I believe the word in the term that's confusing you is "converts". I'd say don't overthink this. They simply mean that on measurement of a qubit in the state $a|0\rangle + b|1\rangle$ there $|a|^2$ probability of getting $|0\rangle$ and $|b|^2$ probability of getting $|1\rangle$. The term "probabilitic bit" here is simply an abstraction. They mean that upon measurement you can imagine your qubit to be a "bit" with a value of either 0 or 1. That is, it has the value 0 with probability $|a|^2$ and value 1 with probability $|b|^2$. But this is assuming they don't know the measurement result yet. They're simply mathematically modelling the measured qubit as a probabilitic bit without the knowledge of the result of the measurement. Of course, if you know the result of the measurement it's going to be either 0 or 1 with $100\%$ probability.
In the circuit below, what is the need of registering the state of the
qubit in a classical bit if it has collapsed irreversibly into that
same state? Does it only make sense to do so when it is the end of the
circuit?
This is already answered in Why do we need a Classical Register for carrying out Quantum Computations?

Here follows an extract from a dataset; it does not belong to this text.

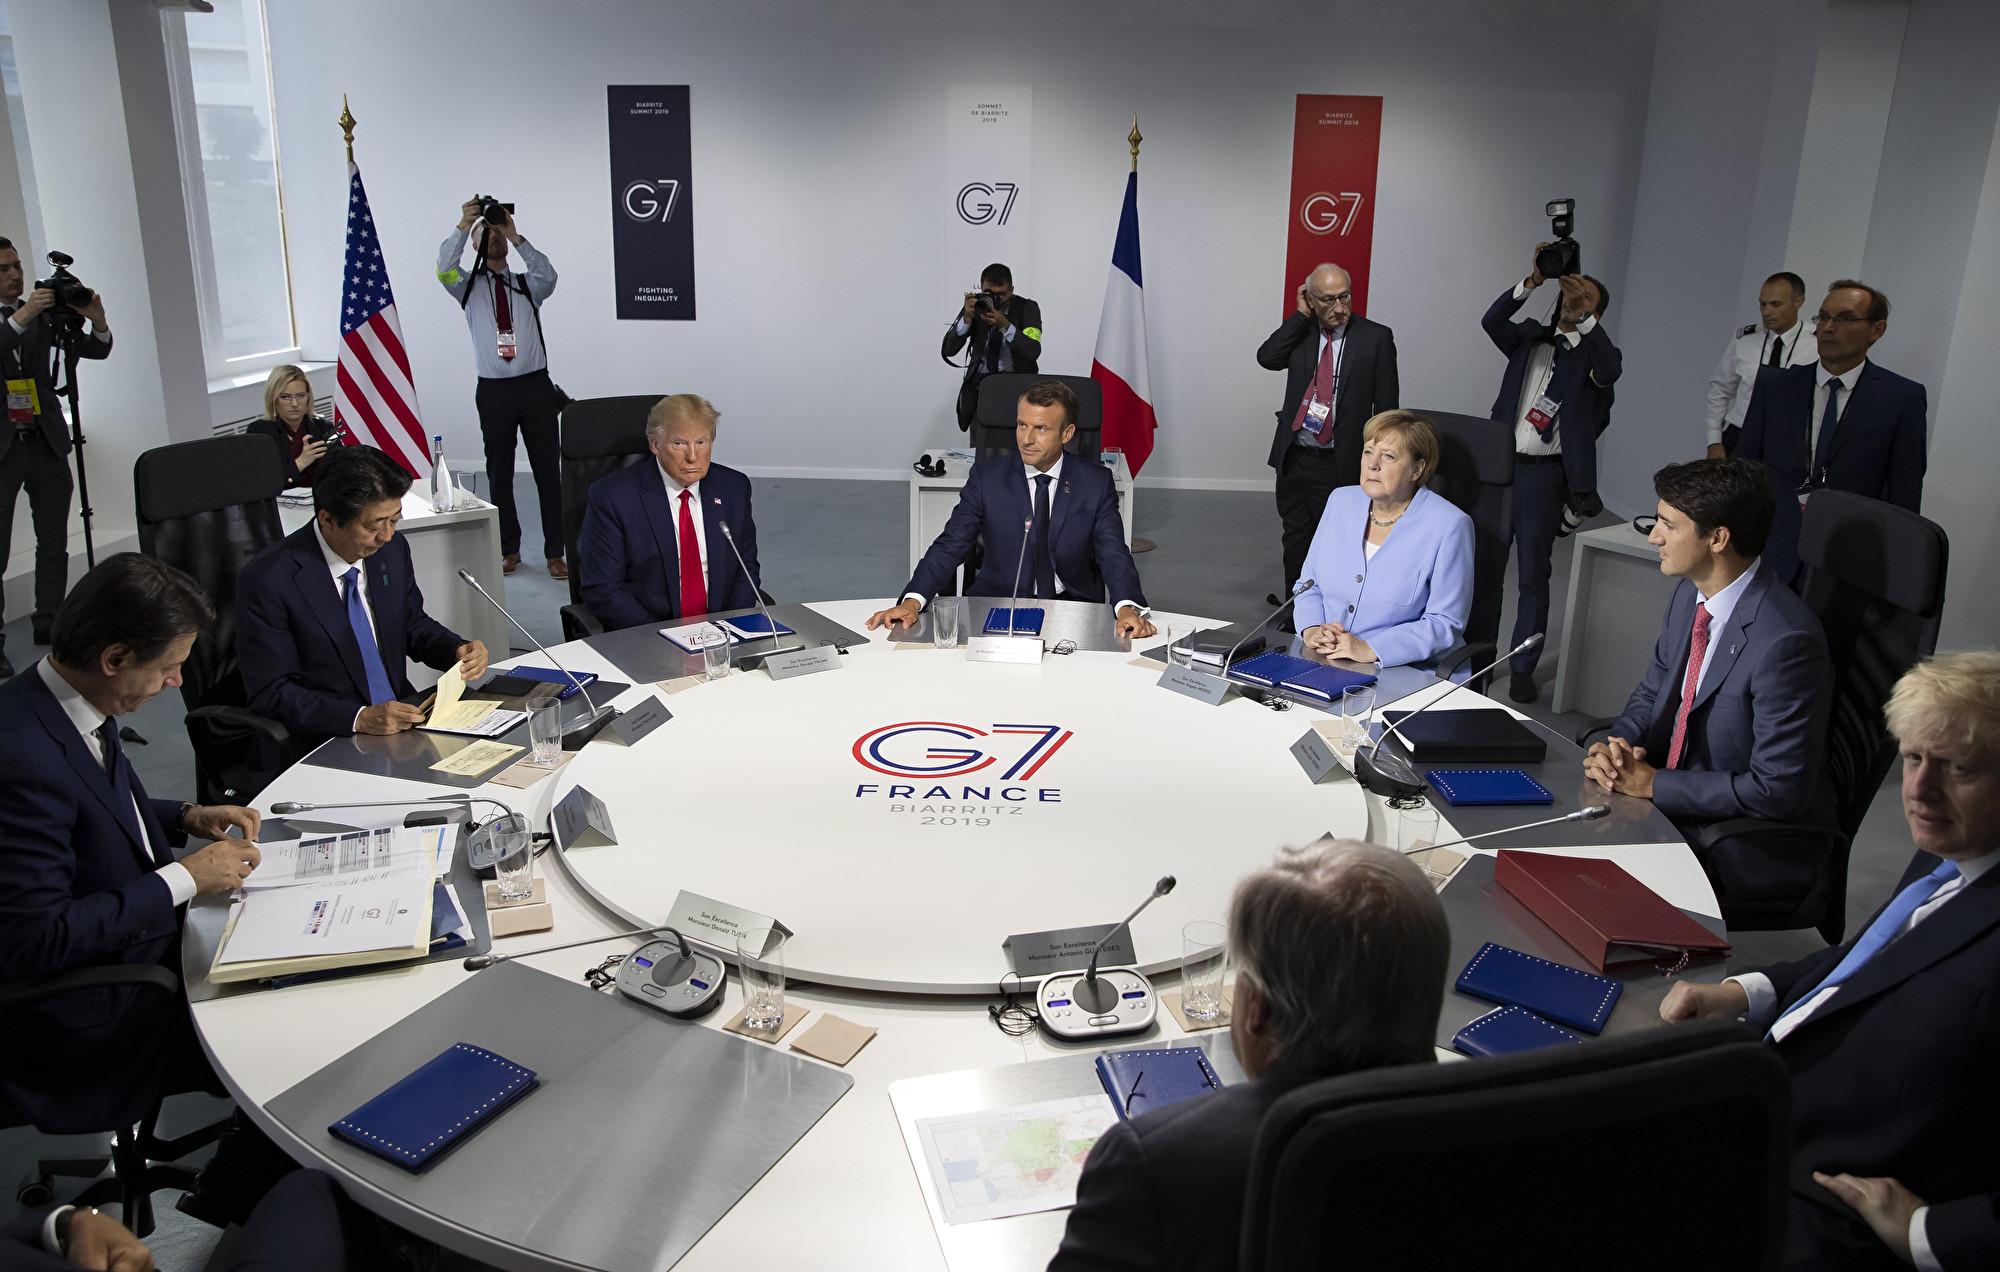 G7峰會挺香港:中英聯合聲明存在且重要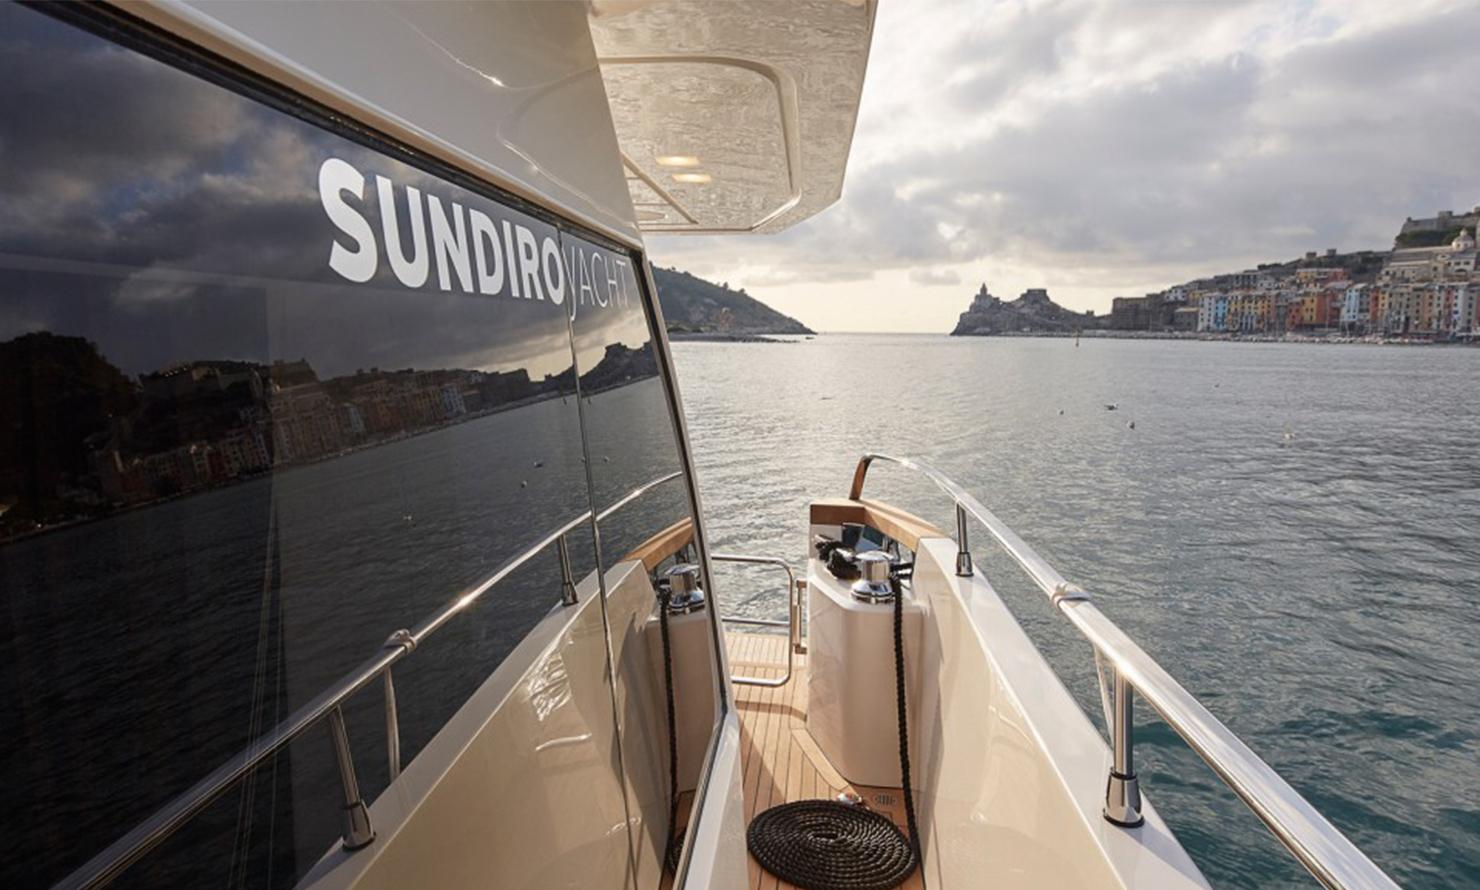 https://kubelibre.com/uploads/Slider-work-tutti-clienti/sundiro-yacht-l-eccelenza-italiana-sbarca-in-cina-7.jpg

The results of the measurements are basically classical information i.e. 0 or 1 if you're measuring in the $\{|0\rangle, |1\rangle\}$ basis. Remember that in reality you're measuring things like electron spin. You need to store that classical information somewhere for future use, and that is what copying the results of the measurement to the classical bits achieves. And yes, in the gate model it's generally done after the measurements (which is usually the final step of a quantum algorithm).